失われた記憶 27
「今日はついて来て欲しいとこがあるんだ」
また、朝の5時半、エルがチョコと酢蛸さんを手にレジに来た。もしかして、昨日あった事は夢だったのかって気もしてたけど、目の前には紛うことなくエルがいる。
「お金、あるんだからもっとちゃんとしたもの食べなよ」
「私は小食だし、これが好きなの」
小食は嘘だ。昨日、僕よりかなりお寿司食べたよね?
「じゃ、仕事終わるの待ってるから」
「うん」
今日は六時であがりだから、あんまり待たせないな。
「キラーさん、彼女デスカ」
同僚の女性、外国からの留学生のシタさんが絡んでくる。キラーさんはいかんだろ。殺戮者みたいだ。そう言う、アンタの名前だって、アンダーやタンだろと言い返したくなるけど言えない。
「ロリコンはダメですよ」
「彼女じゃねーよ」
エルと会話したお蔭か、咄嗟に言い返してた。成長したな僕。
「今日は、ガチャを引くために一緒に並んでくれないか?」
僕の顔を見るなりエルが言う。口調が女の子っぽくない。あのデレるのはかなり機嫌がいい時なのか?
「うん、いいよ」
別に並ぶくらいいいけど、エルがガチャに並ぶって、なんか年相応なとこもあるんだな。
そして、また僕らは列車に揺られ、目的地へと向かう。エルが並びたいガチャは十一時から引けるそうで、十時半には並ぶ事にして、まだまだ時間はあるけど、通勤ラッシュを避けるために早めに移動した。けど、街中についたのは七時前だよ。どこもシャッターが閉まってて、小さい猫がダッシュしてると思ったらネズミだった。ドブネズミかよ。デケぇ。慣れた様子で歩くエルについていく。歩くの早いよ。いつもたいした運動してないから、じんわりと汗かいてきた。そして、唐突に道端のユニークな形のベンチに座る。
「少し調べたいものがあるから」
エルは携帯をいじる。僕も少し空けて座って携帯をいじる。調べるのはガチャについてだ。
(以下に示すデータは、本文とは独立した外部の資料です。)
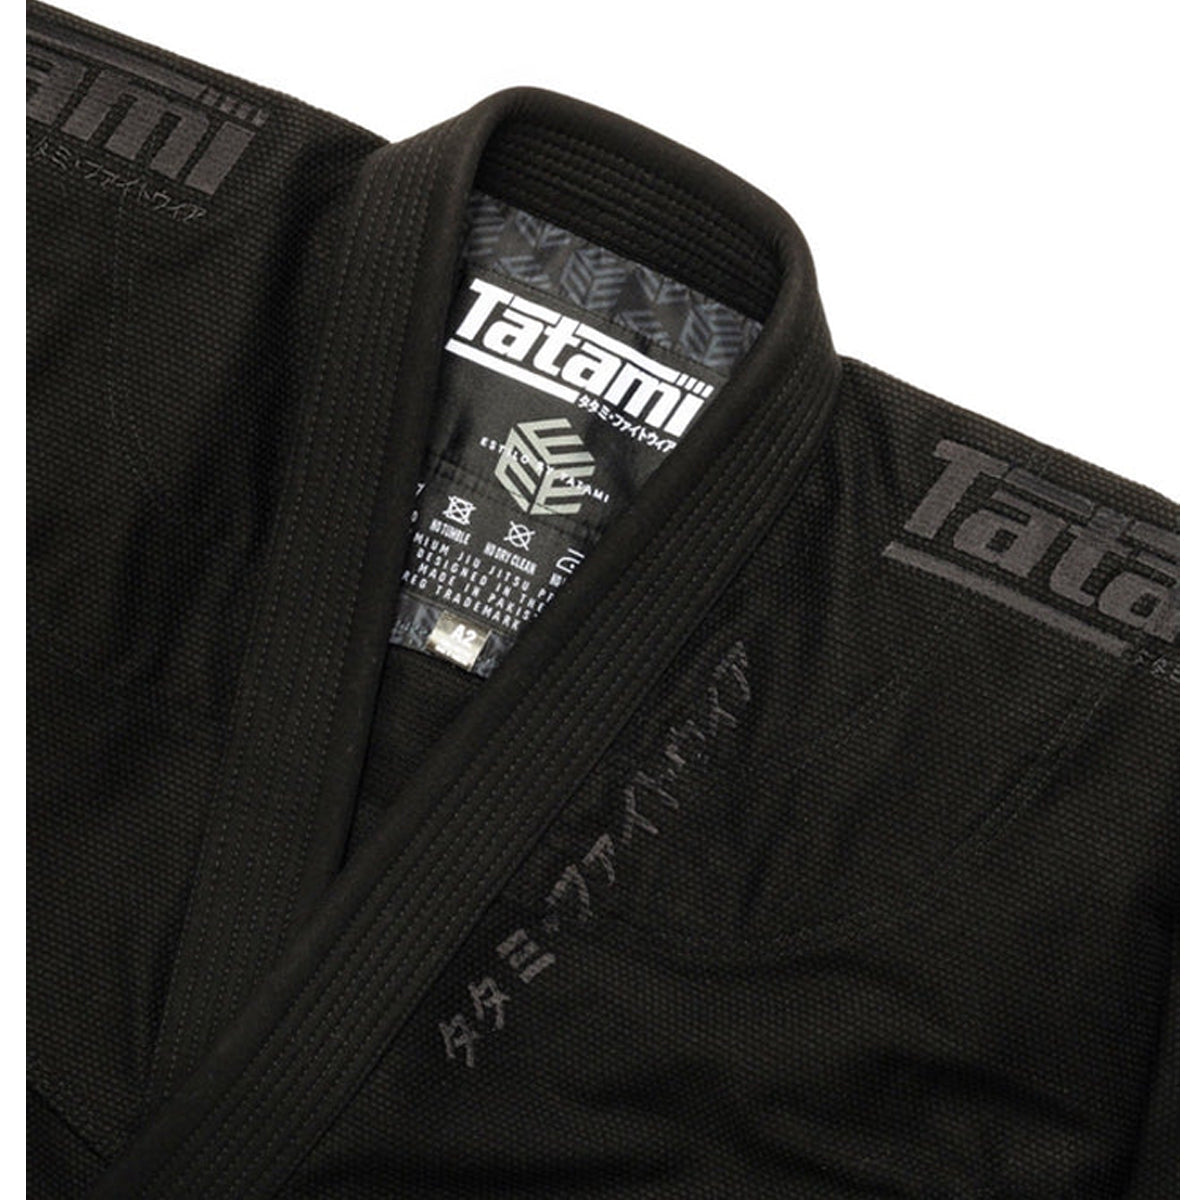 Tatami Fightwear Estilo Black Label BJJ Gi - Black/Black Tatami Fightwear

今は空前のガチャブームらしい。製造元出荷ベースで1400億円らしい。数がデカすぎていまいち実感がわかないが、とにかくみんなガチャしてるって事だな。特に今人気なのが『めじるしアクセサリー』なるもので、小さなマスコットとかに金具とシリコンのリングがついてて、傘の先端とかに目印としてつけられるから目印アクセサリーだそうだ。そう言えば、コンビニの傘立てになんか小物がついてるのをみるようになったがこれだったのか。確かに、傘って似たの多いからこれは便利かも。ペットボトルにもつくらしい。特に『ち〇かわ』や『サ〇リオ』『ディズ〇ー』とかが人気らしく、ガチャに並ばないと手に入らないらしい。最近たまにガチャに行列ができてるのはそういう事か。どうでもいい事だけど、『ちい〇わ』ってなんじゃ?と思って検索したら、間違って『ちんかわ』で検索したら画像が出てきたのはウケた。やっぱみんな同じ事考えてんだな。